Combines with the existing filters:

# Only failed runs in this thread
failed = await store.list_runs(
    metadata_filter={"thread_id": "thread_abc"},
    status="error",
)
 
# Total cost of one user's last 50 turns
runs = await store.list_runs(
    metadata_filter={"user_id": "u_123"},
    limit=50,
)
total = sum(r.total_cost_usd or 0 for r in runs)

count_runs accepts the same filter — useful for paginated views ("page 1 of 12 turns in this thread").

Drilling into a single run

Once you have a run from the listing, every other read API on RunStore is keyed by run_id and works exactly as it does for non-chat runs:

events = await store.get_events(run.run_id)            # full event log
llm_calls = await store.get_llm_calls(run.run_id)      # prompts, responses, usage, cache
tool_calls = await store.get_tool_invocations(run.run_id)  # tool params + results
traces = await store.get_traces(run.run_id)            # ReAct thoughts/actions
pauses = await store.get_pauses(run.run_id)            # HITL approval cycles

The full audit/tracing surface is the same one the read router exposes — just call it from your own code if you want a custom thread inspector instead of the generic dashboard.

Backend semantics

The filter dispatches by dialect:

  • Postgres: meta is cast to jsonb and the predicate is one @> containment check covering all keys. Single index-friendly clause regardless of how many keys you filter on.
  • SQLite: per-key json_extract(meta, '$.<key>') = ?. Native types compare correctly; equality works for strings, numbers, and booleans.

Both backends are exercised by the integration test matrix, so the dispatch is locked in.

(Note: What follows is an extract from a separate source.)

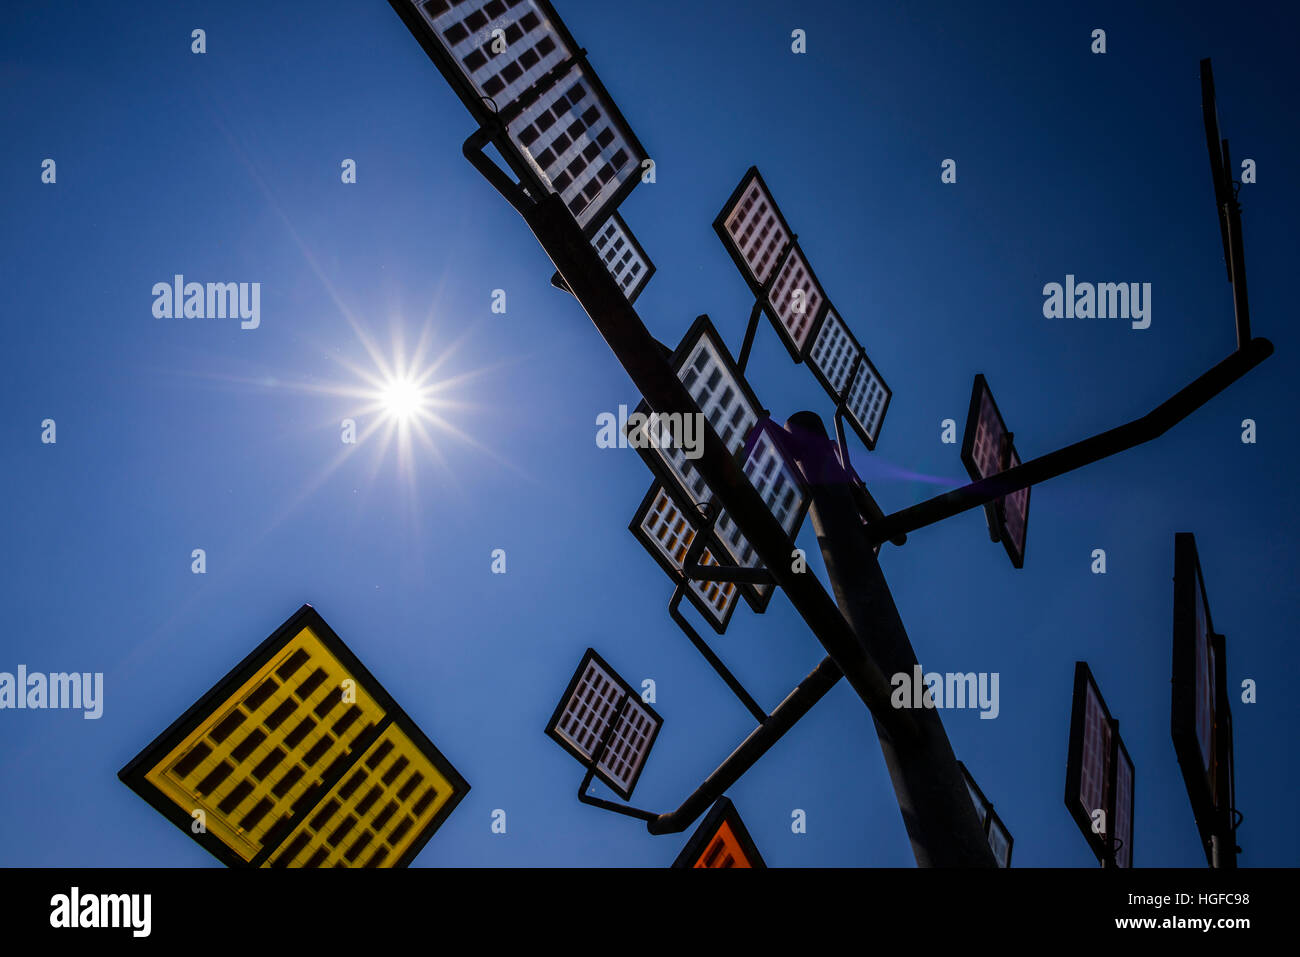 solar panels, Solarbaum, Ulmer Wohnviertel Solar City, Ulm, - Stock Image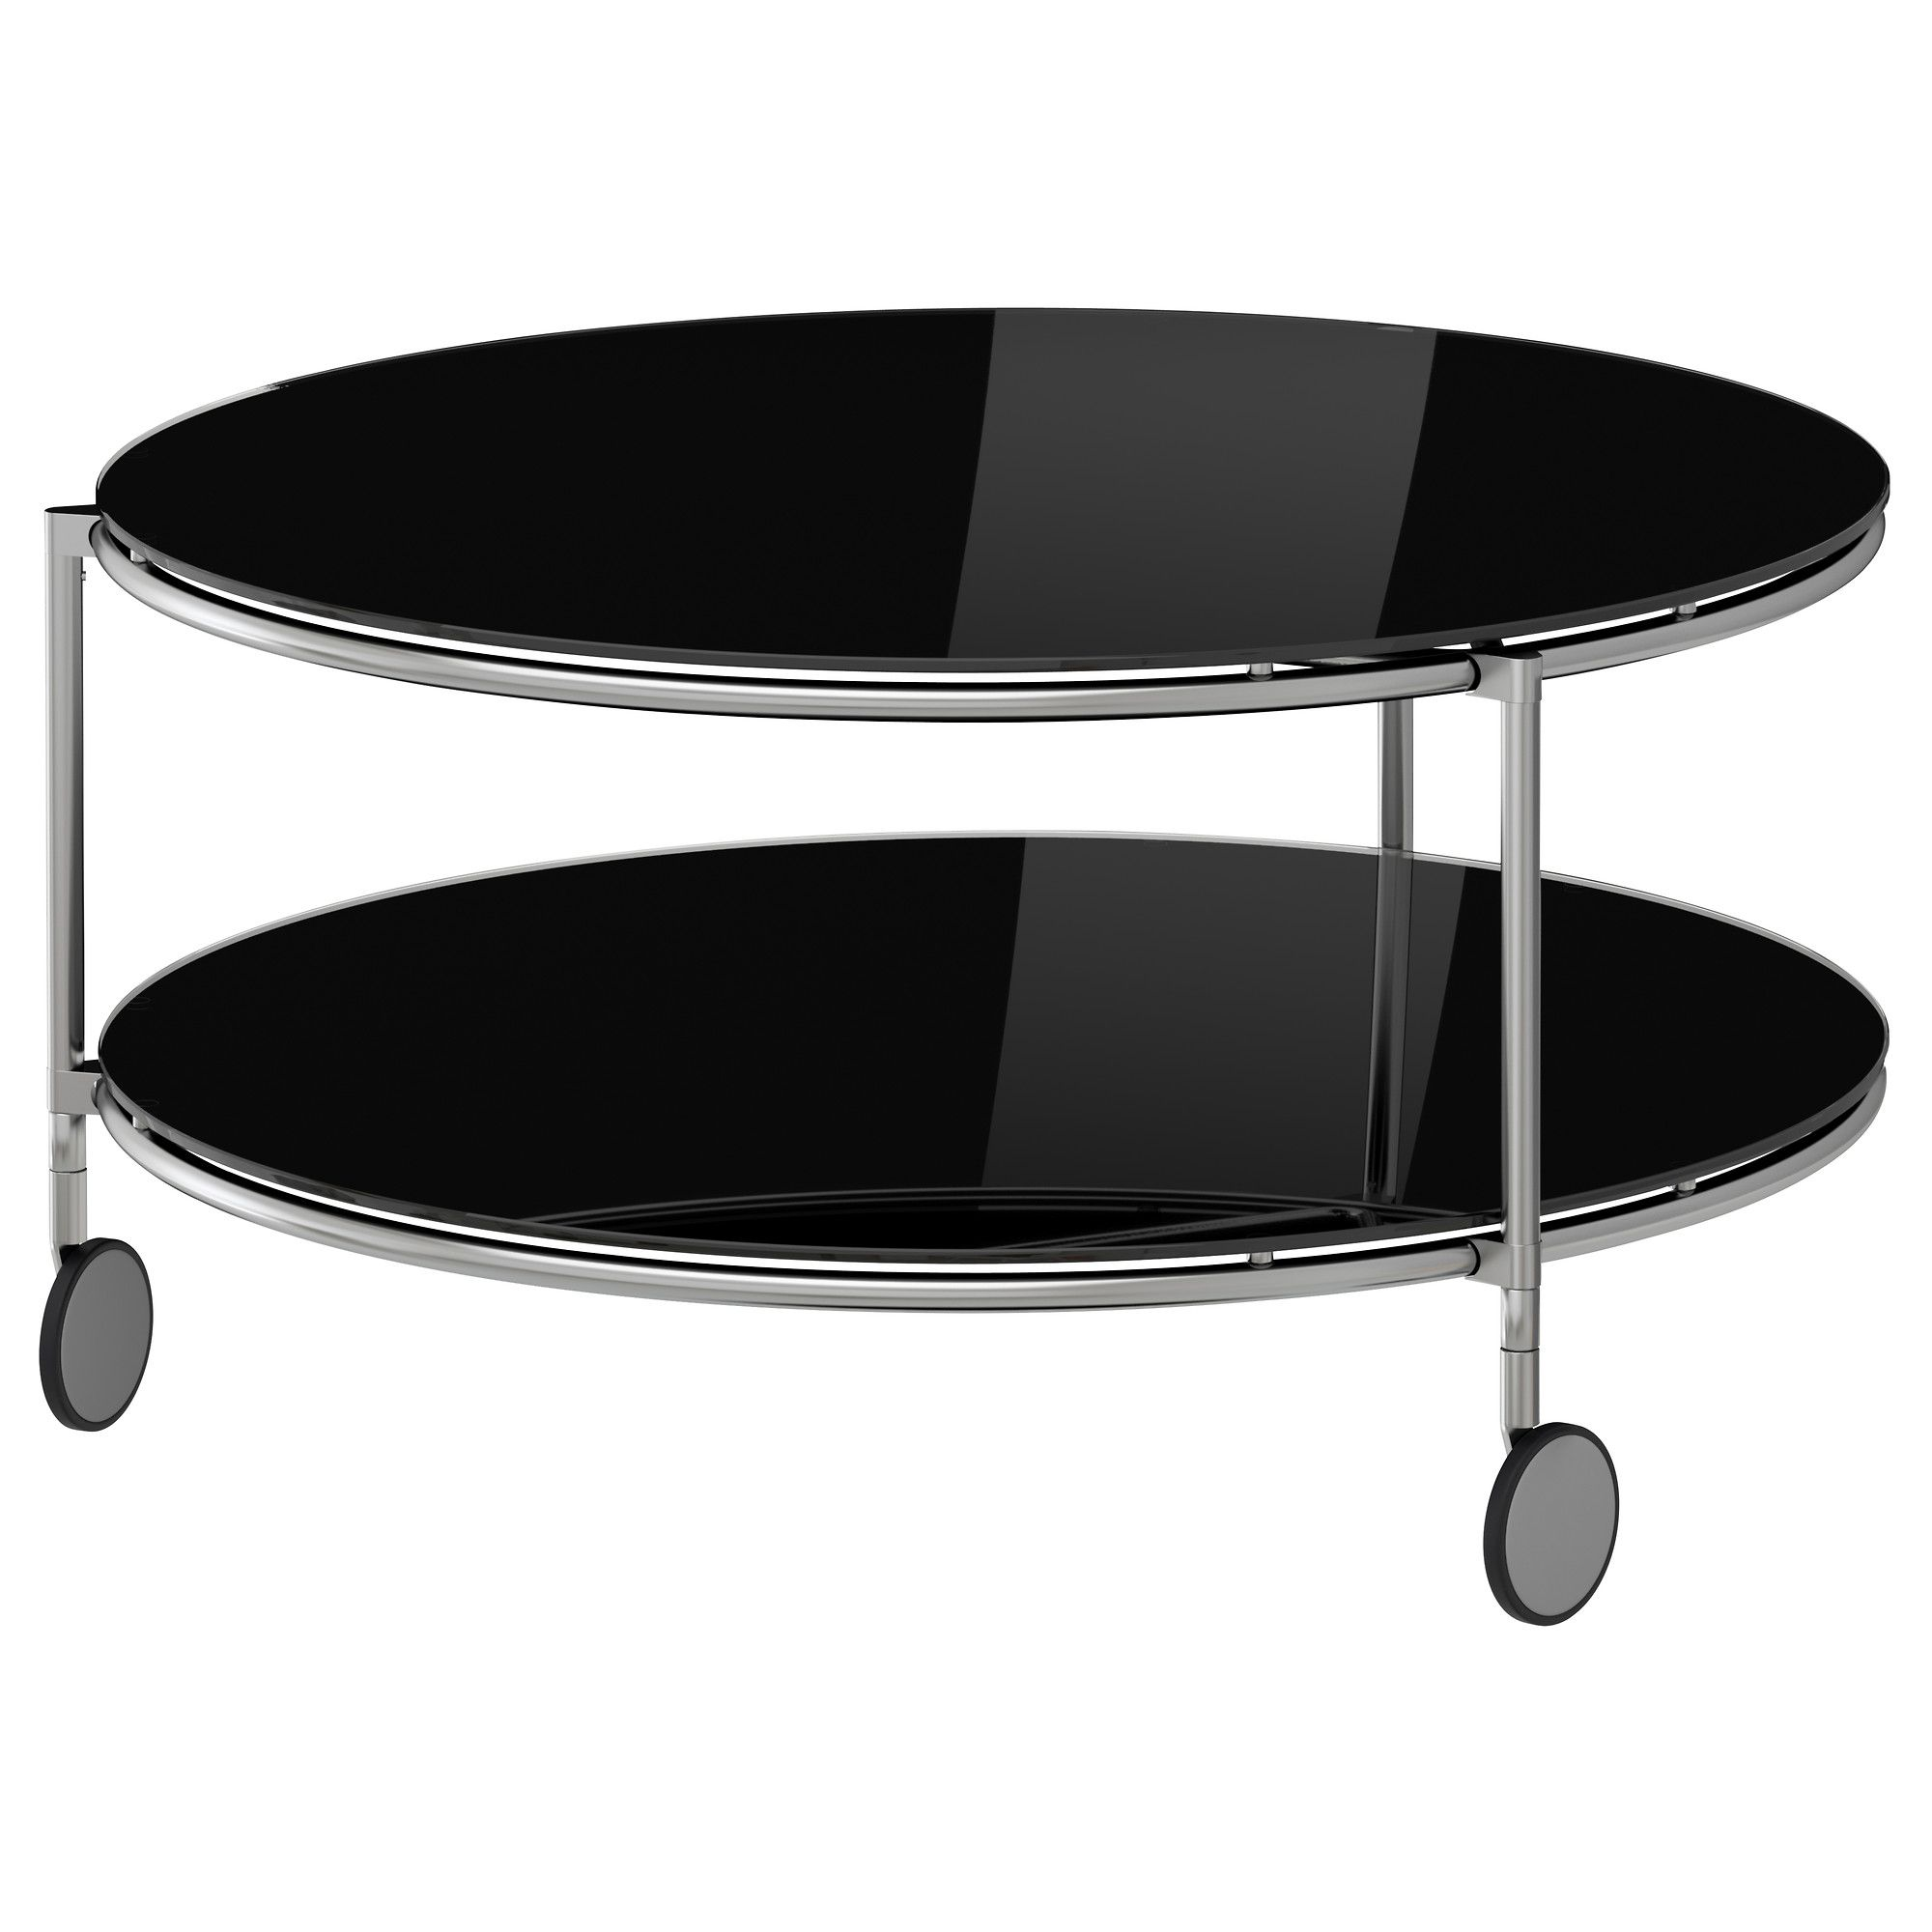 STRIND Coffee Table Blacknickel Plated IKEA - Strind coffee table

What's intentionally not supported in v1

  • Nested key paths (user.profile.id). Top-level keys only.
  • Range queries, partial match, IN, LIKE. Exact equality only.
  • Filtering by absence (thread_id IS NULL). Skip the filter — runs without thread_id simply won't match a thread_id= clause.

If you need any of those, file an issue with the use case. The current shape covers chatbot threads, multi-tenant scoping, and per-user rollup, which is what we've seen real apps want.

Where this fits

  • Recipes: Mount the read router to expose all of this over HTTP for a frontend.
  • Architecture: Runs explains the meta column and other persisted run fields.
  • Reference: HTTP API surface for the read endpoints (HTTP exposure of metadata_filter is not in the read router today — wrap RunStore.list_runs in your own thin endpoint if you need it).